== DATA PROVIDED ==

┄┄┄┄┄┄┄┄┄┄

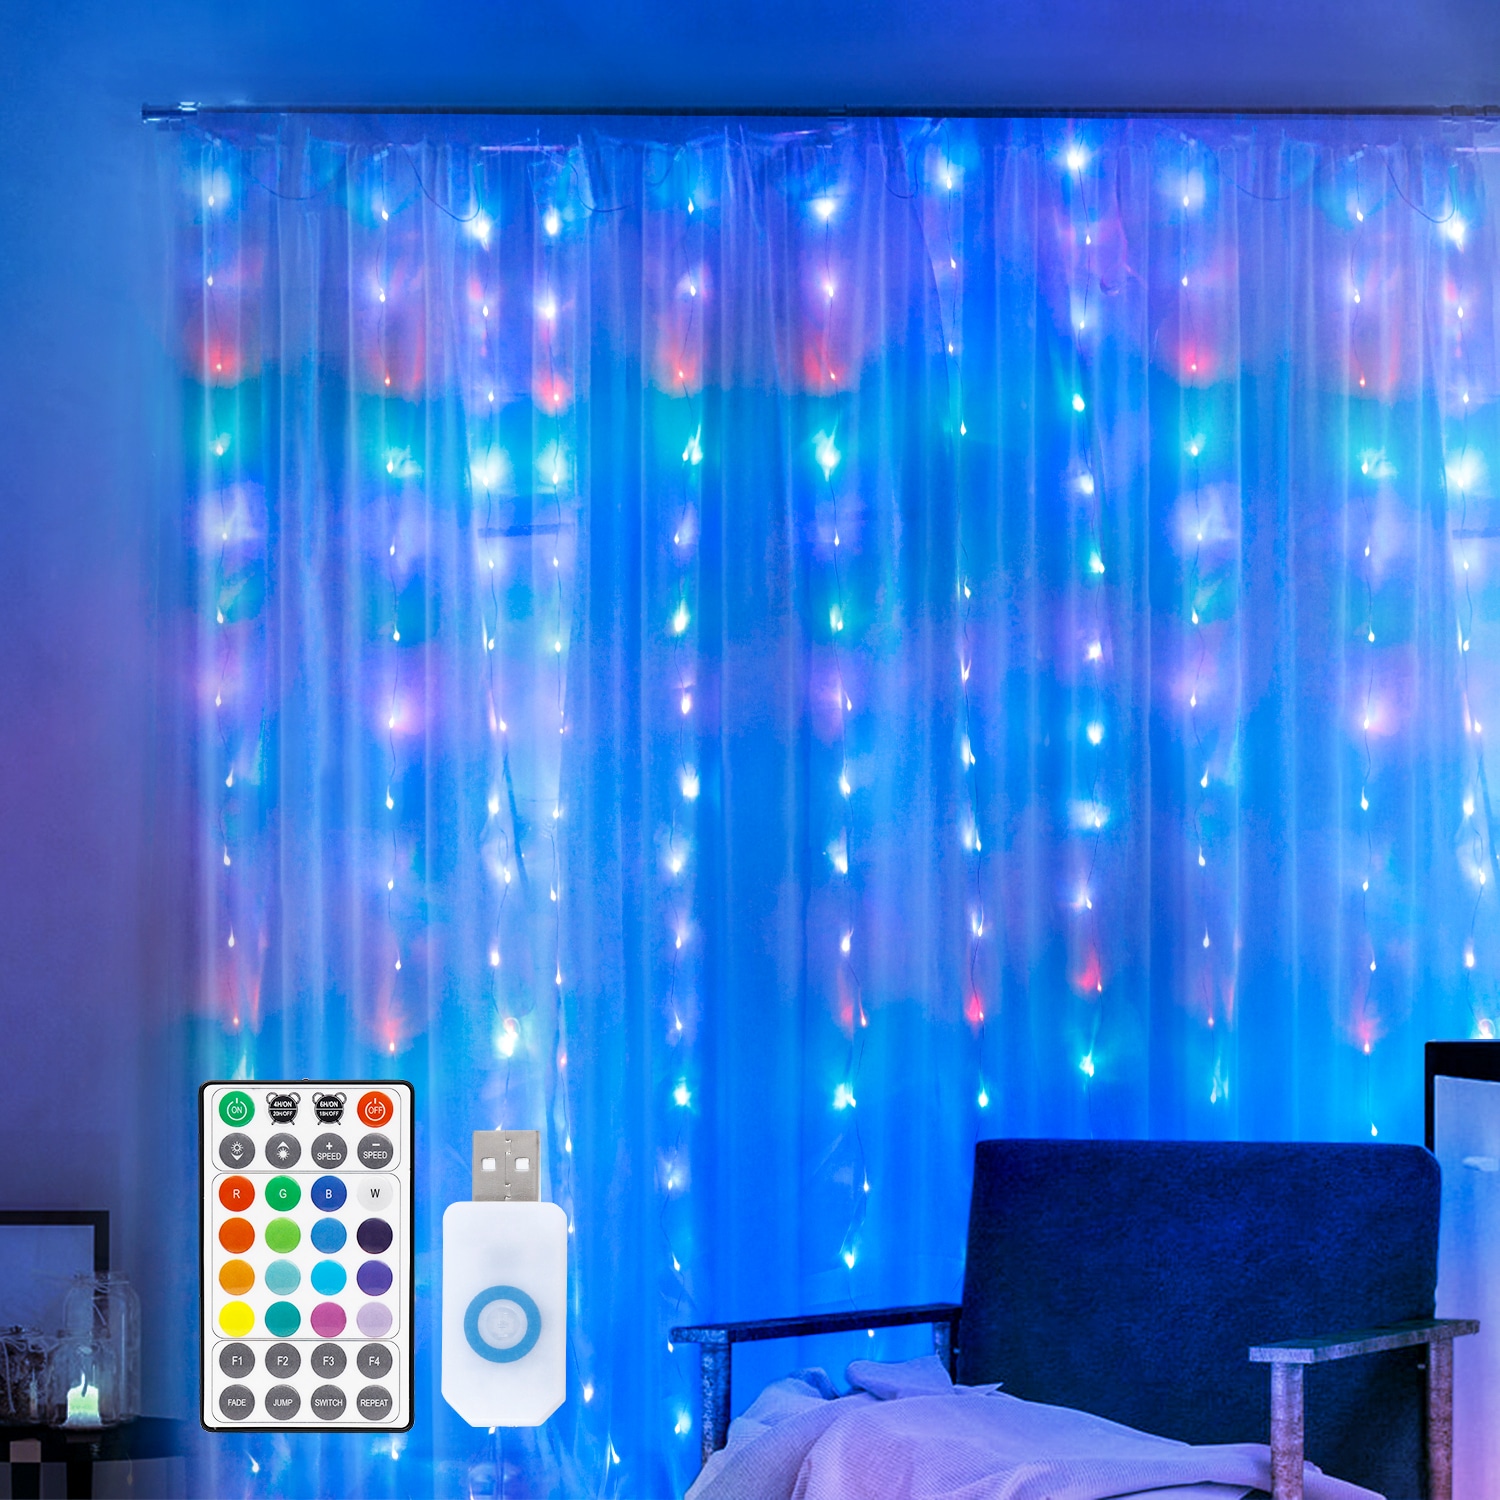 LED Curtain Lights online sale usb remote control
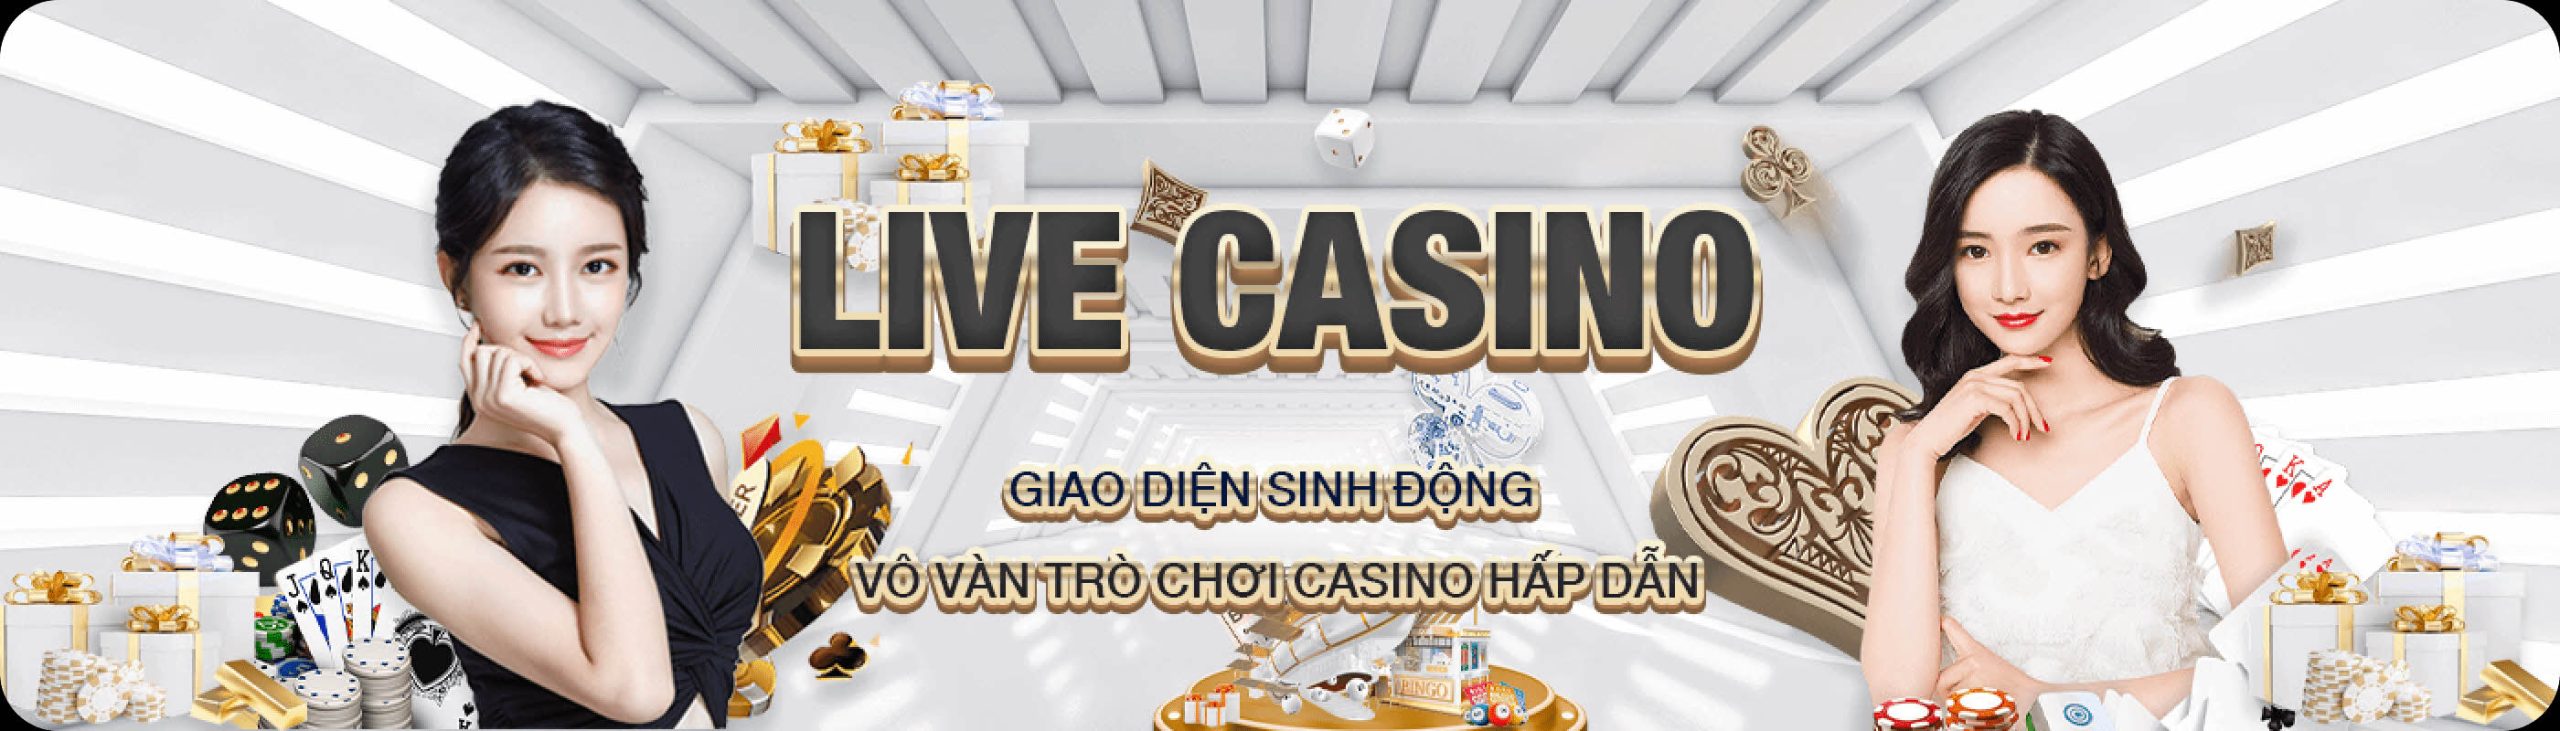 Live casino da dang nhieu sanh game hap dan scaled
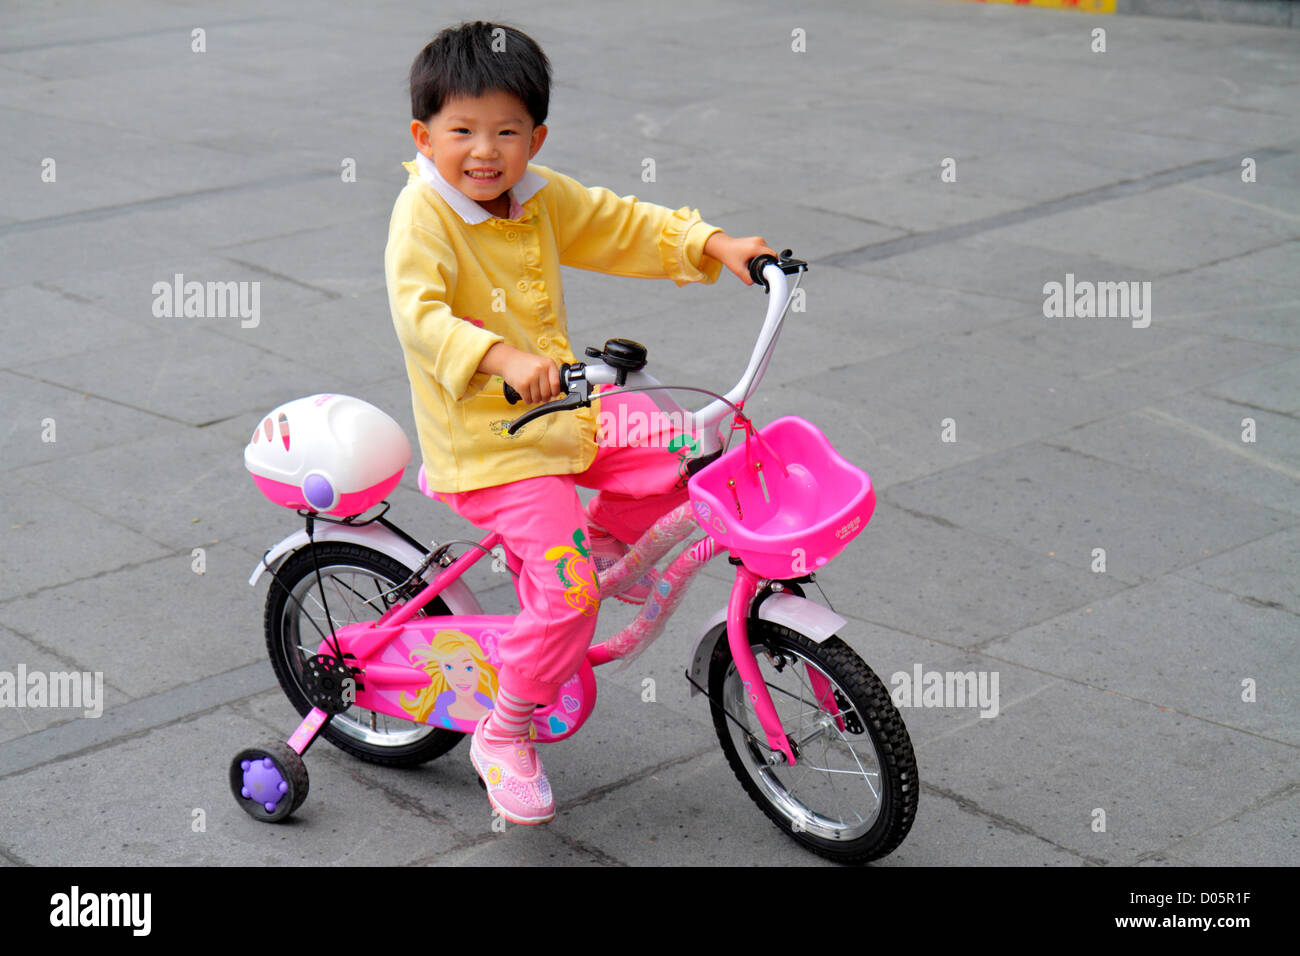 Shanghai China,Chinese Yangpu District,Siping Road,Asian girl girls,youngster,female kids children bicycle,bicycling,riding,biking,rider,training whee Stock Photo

┄┄┄┄┄┄┄┄┄┄

== ABOUT THIS EXERCISE ==
What is needed is an exact copy of the data, without any pictures.

== TASK SOLUTION ==
 LED Curtain Lights online sale usb remote control
 Live casino da dang nhieu sanh game hap dan scaled
 Shanghai China,Chinese Yangpu District,Siping Road,Asian girl girls,youngster,female kids children bicycle,bicycling,riding,biking,rider,training whee Stock Photo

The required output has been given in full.